In summary, the presentation will provide an overview mining surveillance data as well as conducting privacy preserving surveillance. Applying data mining to geospatial data such as maps will also be discussed.

Biography:

Dr. Bhavani Thuraisingham joined The University of Texas at Dallas in October 2004 as a Professor of Computer Science and Director of the Cyber Security Research Center in the Erik Jonsson School of Engineering and Computer Science. She is an elected Fellow of three professional organizations: the IEEE (Institute for Electrical and Electronics Engineers), the AAAS (American Association for the Advancement of Science) and the BCS (British Computer Society) for her work in data security. She received the IEEE Computer Society’s prestigious 1997 Technical Achievement Award for “outstanding and innovative contributions to secure data management.”

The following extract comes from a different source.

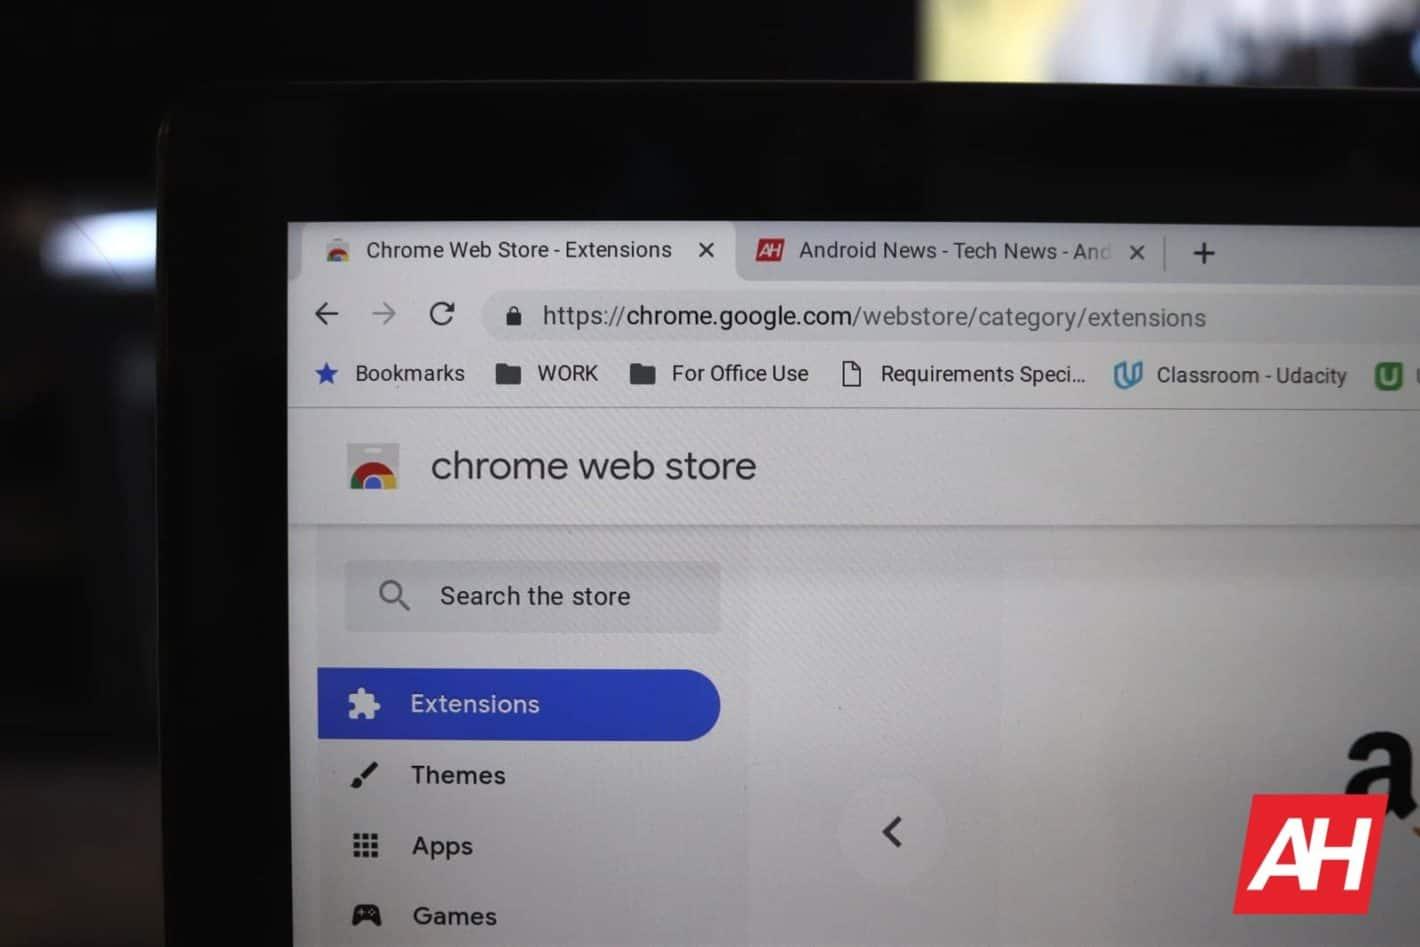 Chrome Web Store Extensions AH 2019

Dr Thuraisingham’s work in information security and information management has resulted in over 70 journal articles, over 200 refereed conference papers and workshops, and three US patents. She is the author of seven books in data management, data mining and data security including one on data mining for counter-terrorism and another on Database and Applications Security and is completing her eighth book on Trustworthy Semantic Web. She has given over 30 keynote presentations at various technical conferences and has also given invited talks at the White House Office of Science and Technology Policy and at the United Nations on Data Mining for counter-terrorism. She serves (or has served) on editorial boards of leading research and industry journals and currently serves as the Editor in Chief of Computer Standards and Interfaces Journal. She is also an Instructor at AFCEA’s (Armed Forces Communications and Electronics Association) Professional Development Center and has served on panels for the Air Force Scientific Advisory Board and the National Academy of Sciences.

Dr Thuraisingham is the Founding President of Bhavani Security Consulting - a company providing services in consulting and training in Cyber Security and Information Technology

Prior to joining UTD, Thuraisingham was an IPA (Intergovernmental Personnel Act) at the National Science Foundation from the MITRE Corporation. At NSF she established the Data and Applications Security Program and co-founded the Cyber Trust theme and was involved in inter-agency activities in data mining for counter-terrorism. She has been at MITRE since January 1989 and has worked in MITRE's Information Security Center and was later a department head in Data and Information Management as well as Chief Scientist in Data Management. She has served as an expert consultant in information security and data management to the Department of Defense, the Department of Treasury and the Intelligence Community for over 10 years. Thuraisingham’s industry experience includes six years of research and development at Control Data Corporation and Honeywell Inc. Thuraisingham was educated in the United Kingdom both at the University of Bristol and at the University of Wales.